OpenGL Extensions Viewer has a Test Tab. We chose Standard Framebuffer, 4X Multisampling, 8X Anisotropy, Fog, Benchmark, and Transparency. The graph below shows the framerates of the OpenGL 2.0 extension.
Motion 3 pioneered the concept of offloading Core Image effect rendering to the GPU as well as using more than 3G of RAM to cache the preview. We timed "RAM Preview - Play Range" of a 900 frame HD template called "Blocks-Detail.HD." We converted the result into frames per second.

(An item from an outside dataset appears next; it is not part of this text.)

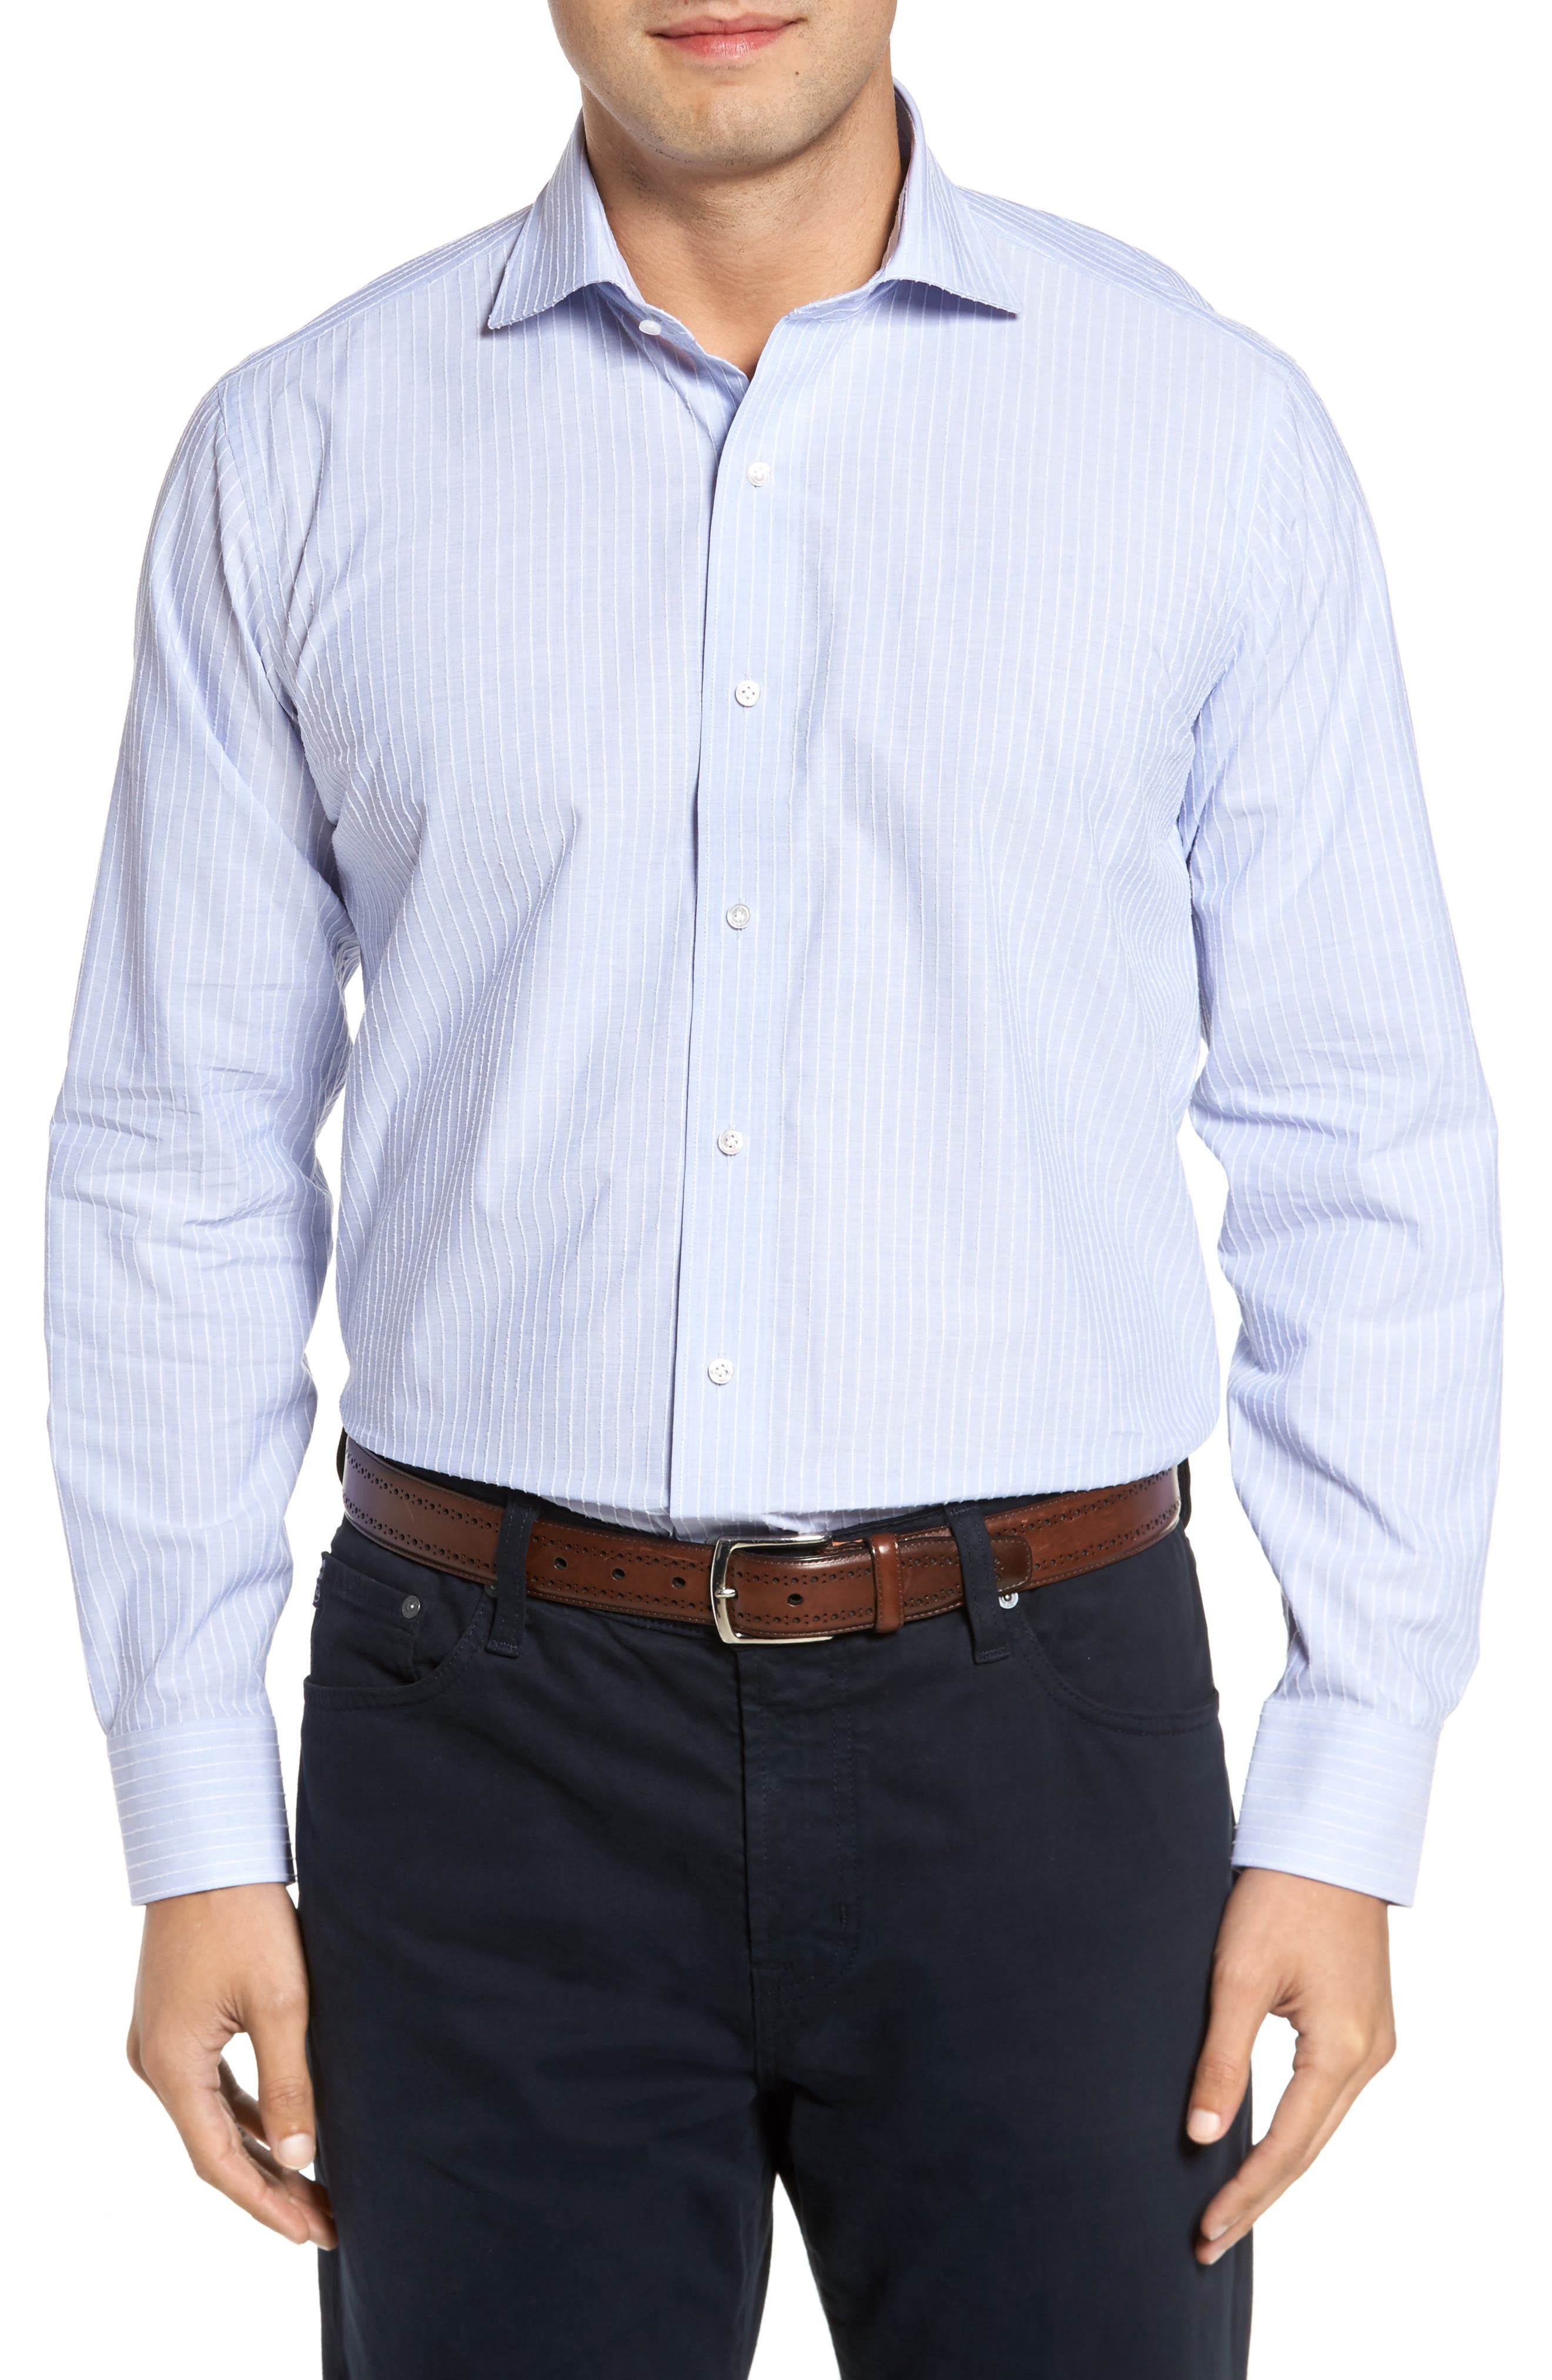 Cejar Stripe Sport Shirt,                         Main,                         color, Blue Ceillo

Imaginator takes one or more Core Image effects and applies them to a photograph. Our test applies a mixture of effects on the fly to a 1000 frame morph of one photograph to another.
LEGEND OF GRAPHS
RED means fastest, BLUE means Vista Ultimate (a la Boot Camp)
GTX285 = nVidia GeForce GTX 285 (1G GDDR3) - 18.5.2f16 driver
FX4800 = nVidia Quadro FX 4800 (1.5G GDDR3)

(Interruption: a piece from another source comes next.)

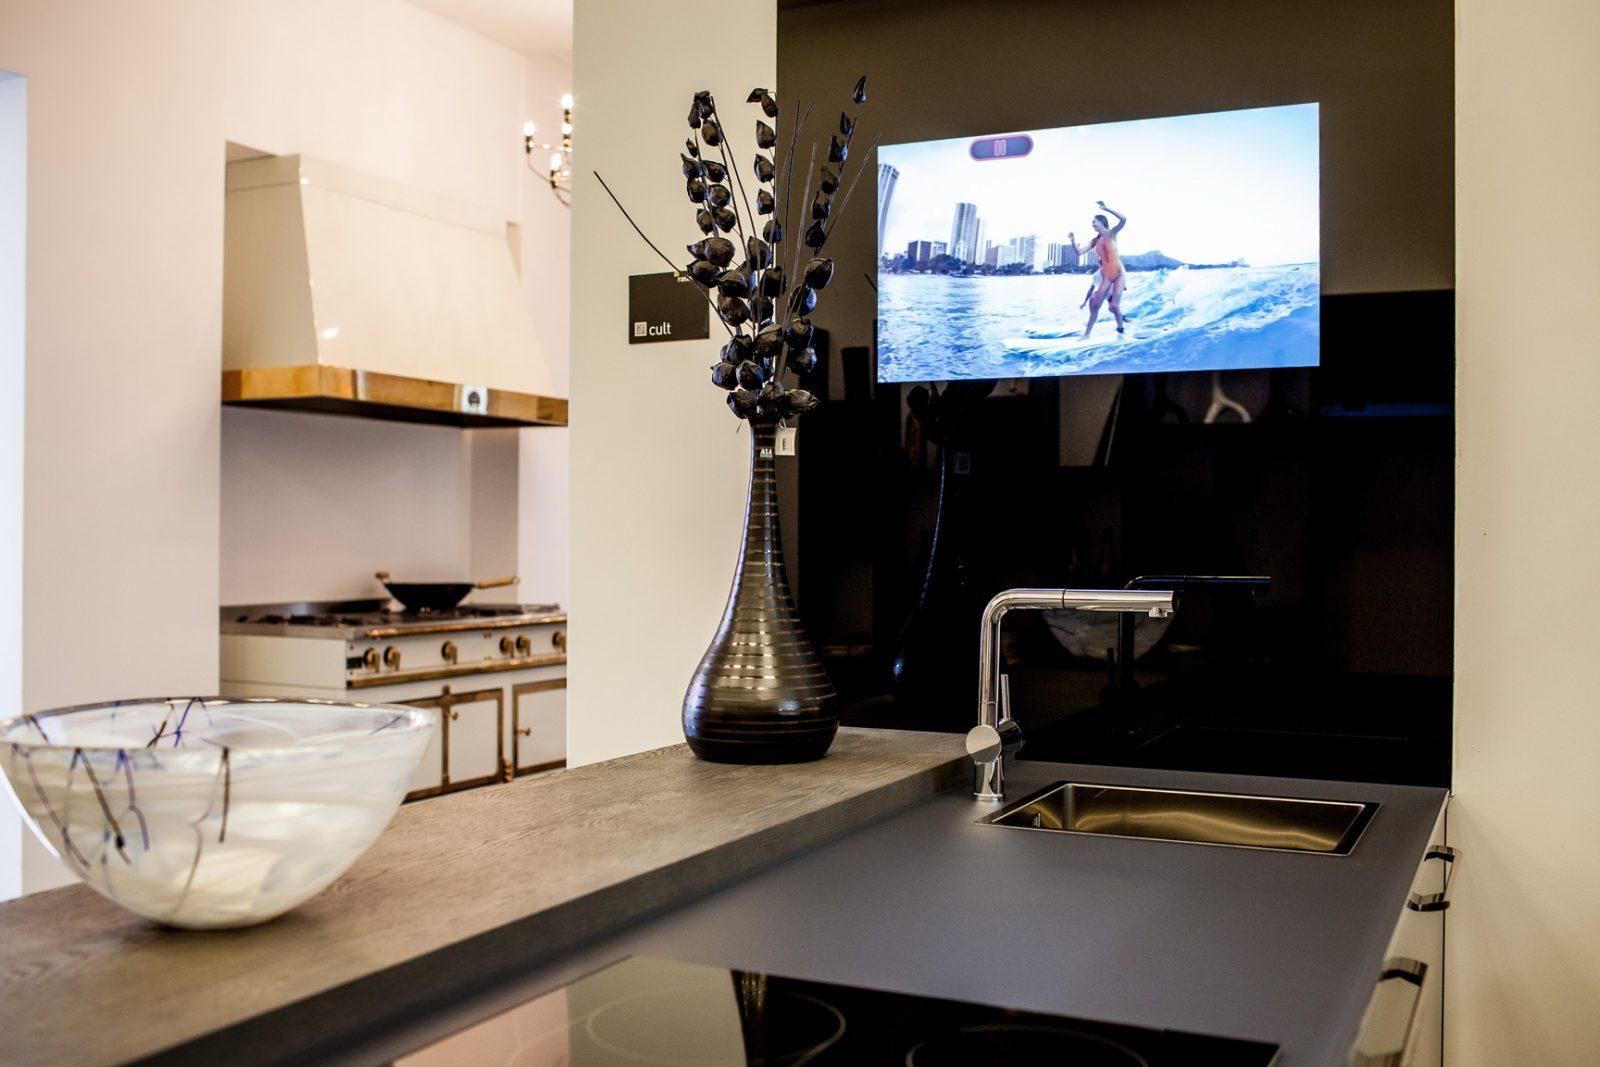 Эксклюзивное превращение бассейна в эффективный мультимедийный центр отдыха

R4870 = ATI Radeon HD 4870 (512M GDDR5)
G8800 = nVidia GeForce 8800 GT (512M GDDR3)
R3870 = ATI Radeon HD 3870 (512M GDDR4)
G120GT = nVidia GeForce GT 120 (512MB GDDR3)
m = Mac OS X, v = Vista Ultimate
Test "Mule" was the Nehalem Mac Pro 8-core running at 2.93GHz (12G of RAM).
ANALYSIS
Though the new driver and OS release doesn't make the GeForce GTX 285 go faster, it continues to dominate in our extreme 3D tests and competes well with the Radeon HD 4870 in all but one Pro App Core Image test we tried. Therefore it wins the "best all around performance" award.

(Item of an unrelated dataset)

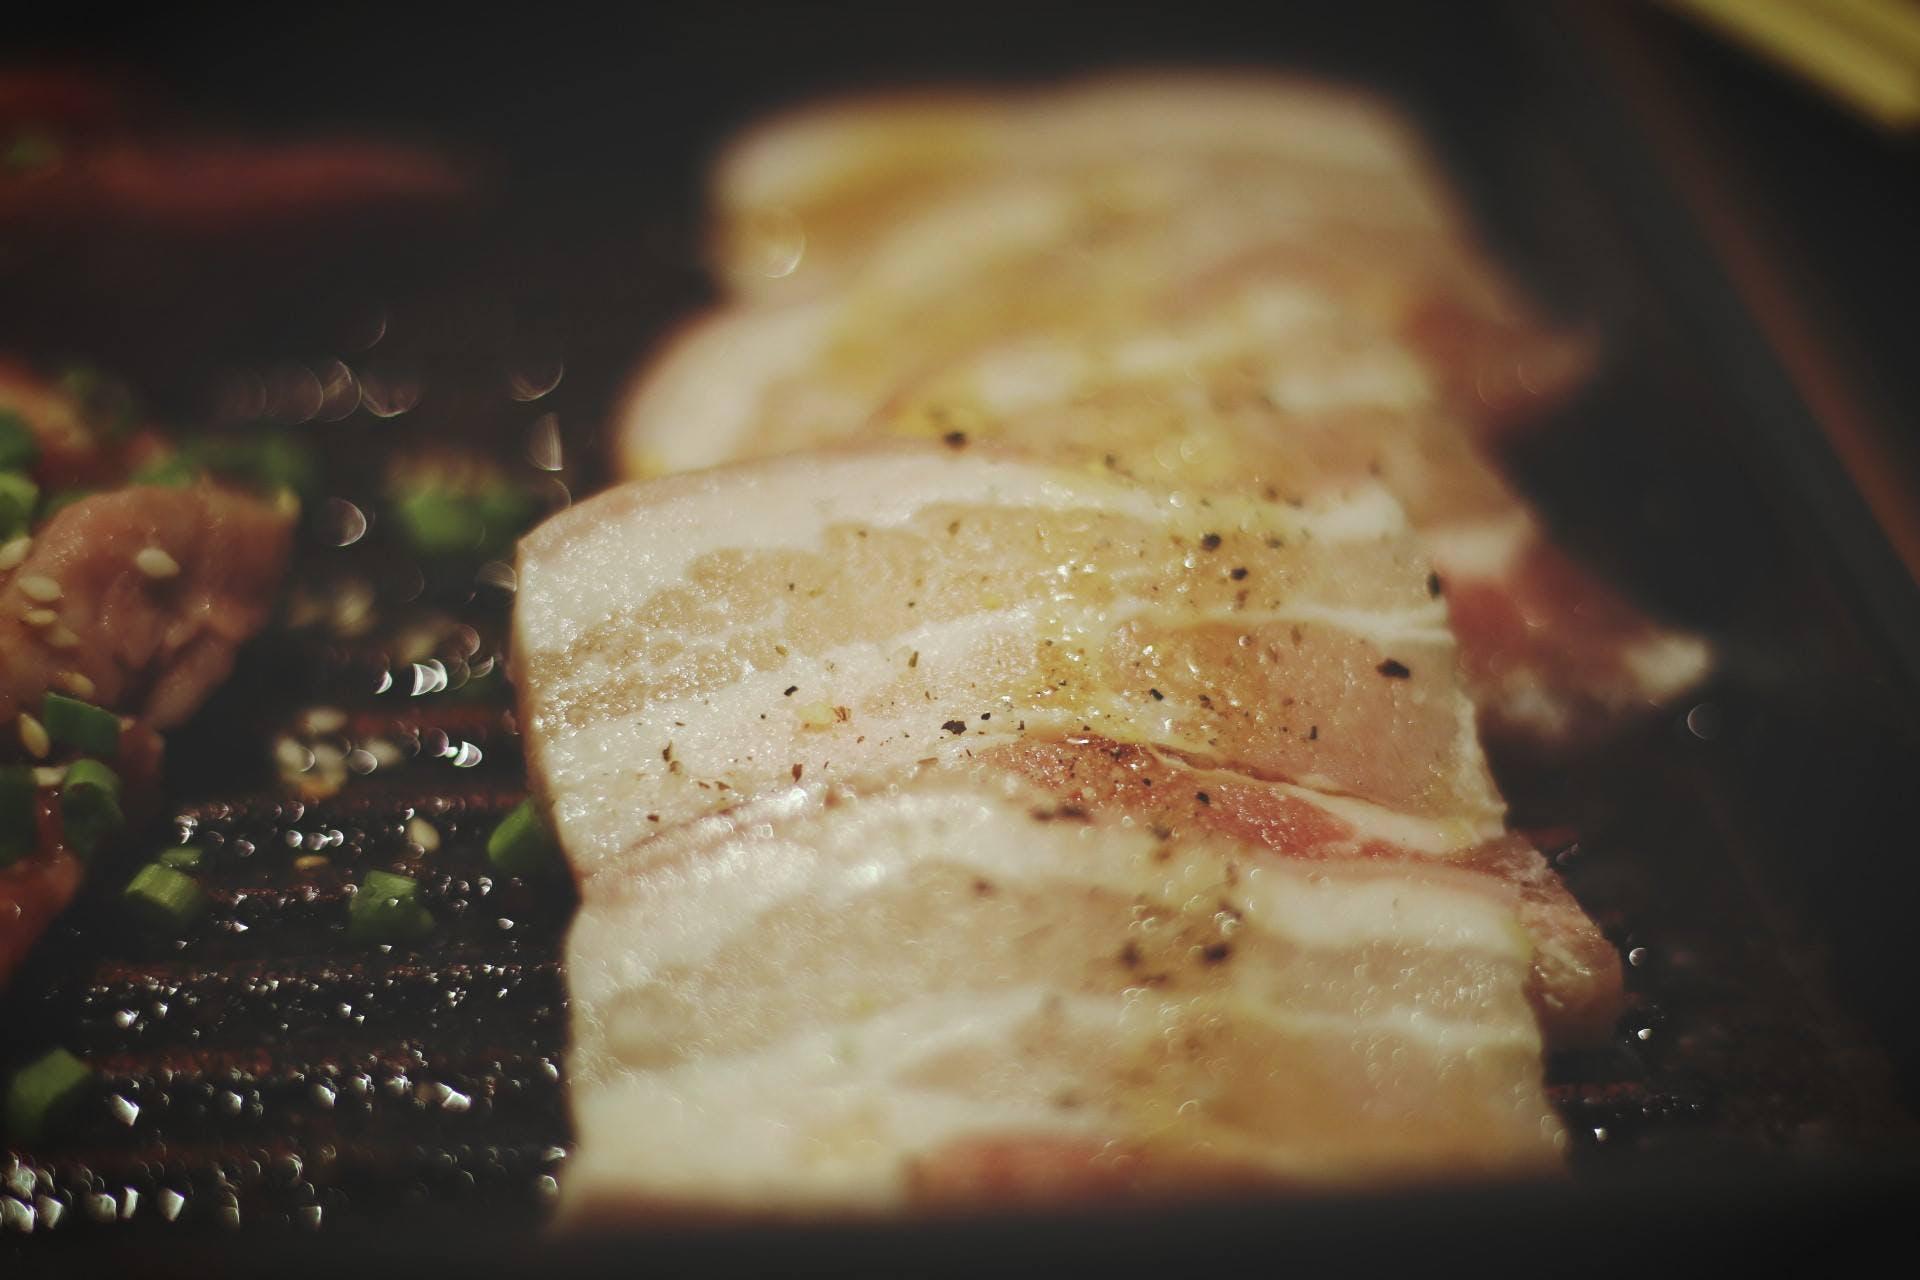 ağız sulandırıcı, akşam yemeği, biber, büyümek içeren Ücretsiz stok fotoğraf

If you choose the GTX 285, you better have a display with a standard DVI connector (like the Apple 30" Cinema or old 23" Cinema). If you have the Apple 24" Cinema with the mini displayport, there does not currently exist an adapter that will allow you to connect it to the standard DVI connectors of the GTX 285. The 24" Cinema does work with the Radeon HD 4870 because it has one mini displayport.
Wondering if the extra video memory gave it the edge over the Radeon HD 4870, we also tested a 1GB Radeon HD 4870 courtesy of AppleMacanix. It was only a few ticks faster than the Radeon HD 4870 with 512MB of GDDR5 which was due to the fact that it was clocked slightly higher.
What was most interesting was the results for CoD4 and ET:QW with max settings at 1280x800. For some reason, the Radeon HD 4870 was faster than the GTX 285 at that resolution under Mac OS X but remains slower under Vista Ultimate:
Lastly, keep in mind that both the GTX 285 and the HD 4870 require two power feeds, which precludes adding a second GPU or PCIe adapter that requires a power feed from the motherboard. There are only two PCIe power sources on the motherboard and the power limit of the PCIe bus is 300 watts.